GENEVA, Feb 9 (Reuters) - The U.N. rights chief said on Monday that fatal drone strikes on civilians in Sudan are continuing even after the army broke prolonged sieges of southern cities held by the RSF paramilitary forces.
Greater Kordofan, a region comprising three states, has emerged as the latest frontline in Sudan's nearly three-year conflict, which has displaced millions of people and triggered a humanitarian crisis.
Sudan's army says it ended the RSF's siege of al-Dalanj in late January and Kadugli in early February. Residents of both cities had faced hunger and medical shortages as supplies were blocked.
"But drone strikes by both sides continue, resulting in dozens of civilian deaths and injuries," Volker Turk told the U.N. Human Rights Council in Geneva during a debate on Sudan.
His office has documented over 90 civilian deaths and 142 injuries caused by drone strikes carried out by both the RSF and the armed forces from late January to February 6, he said.
Among those incidents were three strikes on health facilities in South Kordofan that killed 31 people last week, according to the World Health Organization. The United Nations' top official in the country also said that on February 6 trucks carrying food aid to displaced people outside the city of al-Obeid in North Kordofan were hit.

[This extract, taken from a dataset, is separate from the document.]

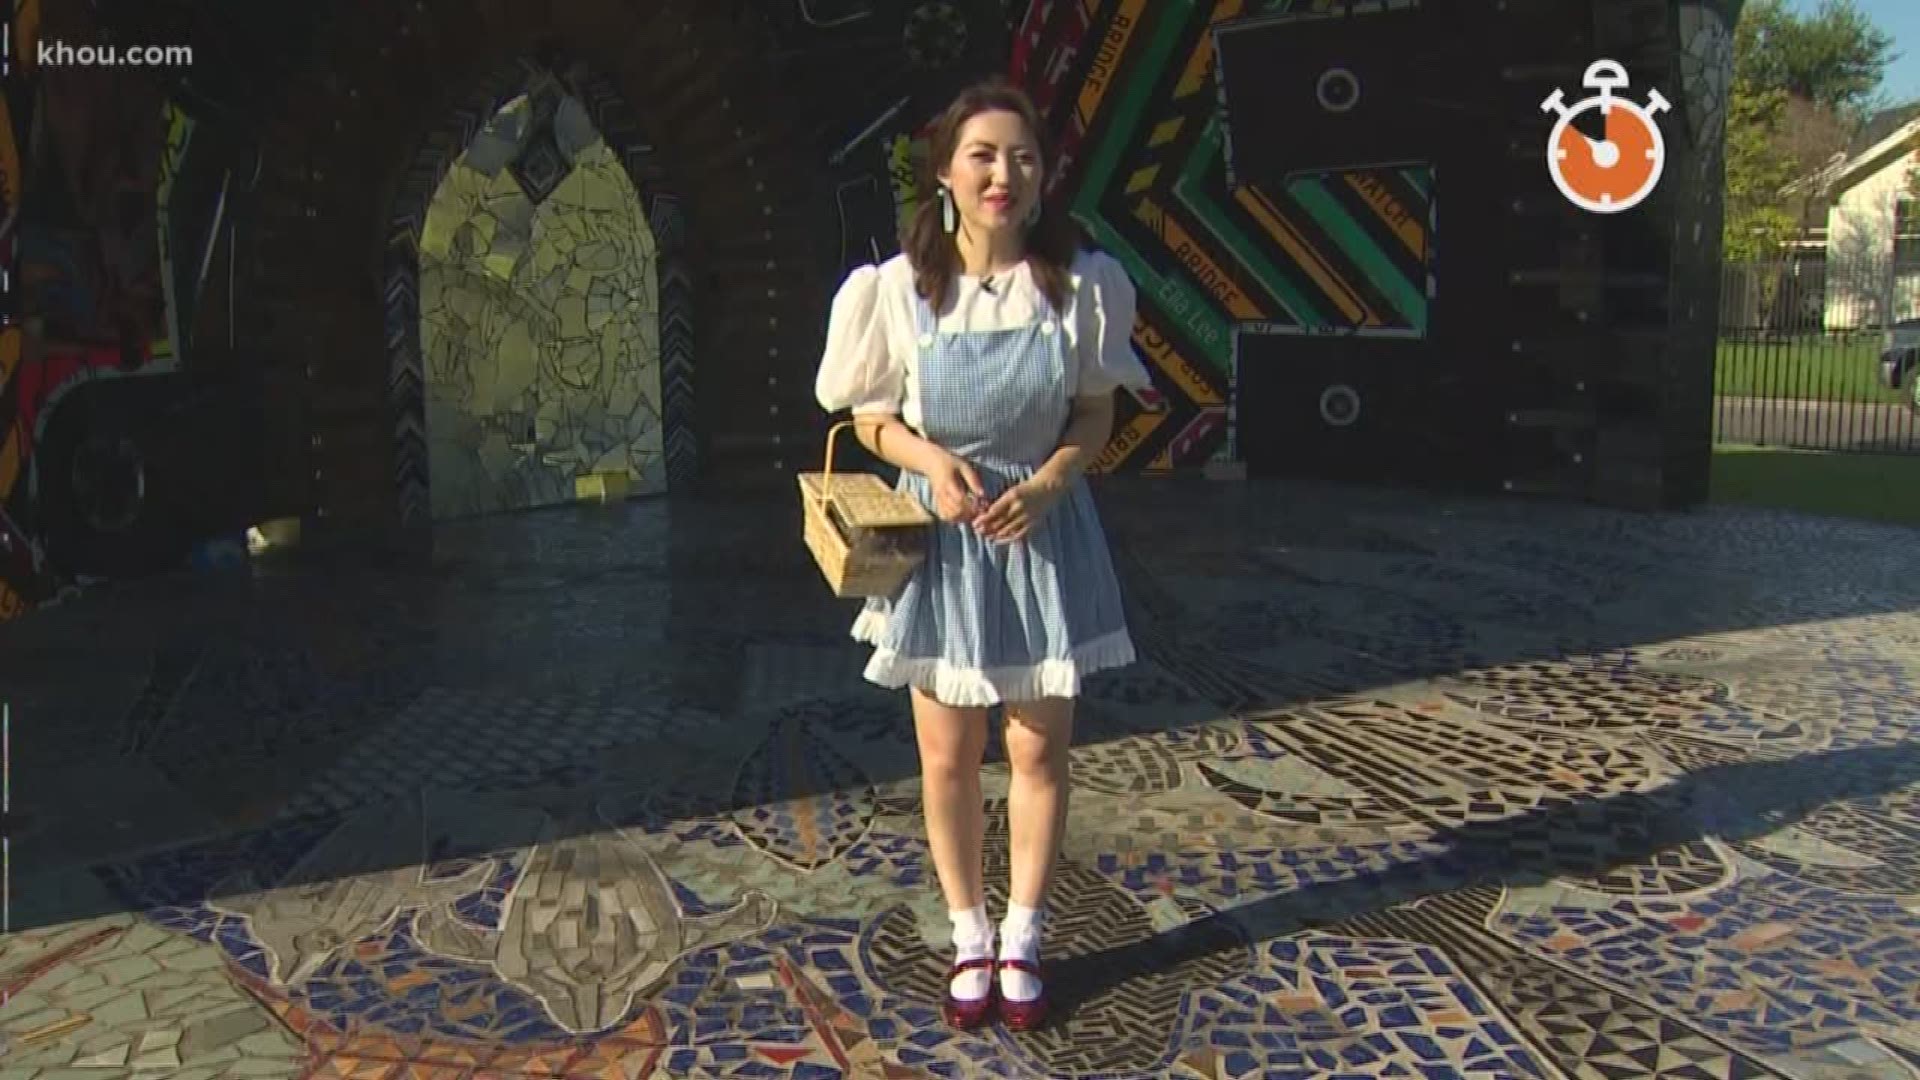 There's so many hidden gems around H-Town. For our newest HTOWN60 we checked out Smither Park in east Houston. This mosaic filled park was so whimsical, Michelle Choi got inspired to even dress up as Dorothy, to follow the mosaic filled road!

The RSF denied responsibility for those strikes in a statement on Saturday, and also rejected accusations by the Sudanese government that it carried out a deadly strike on a bus carrying civilians.
Drones have become a key weapon used by both sides in the war, and allowed the RSF to overcome the army's air dominance earlier on. Their use has led to numerous incidents of mass civilian casualties, as well as reports documented by Reuters that the RSF has used drones to repeatedly follow medical staff and target medical facilities.
The Yale Humanitarian Research Lab said last week, as of February 4, at least 40 objects consistent with long-range Chinese kamikaze drones were visible around the RSF-controlled Nyala airport in Darfur, according to satellite imagery. The group said it could not determine whether the drones had been used in specific attacks.
Rights workers had feared that Kordofan's cities would suffer the same fate as Darfur's al-Fashir, which fell to RSF forces in October 2025 after a long siege that led to mass killings.
Turk added that thousands of people from al-Fashir remain missing, saying some were undoubtedly dead while others are believed to be held in detention conditions he described as inhumane.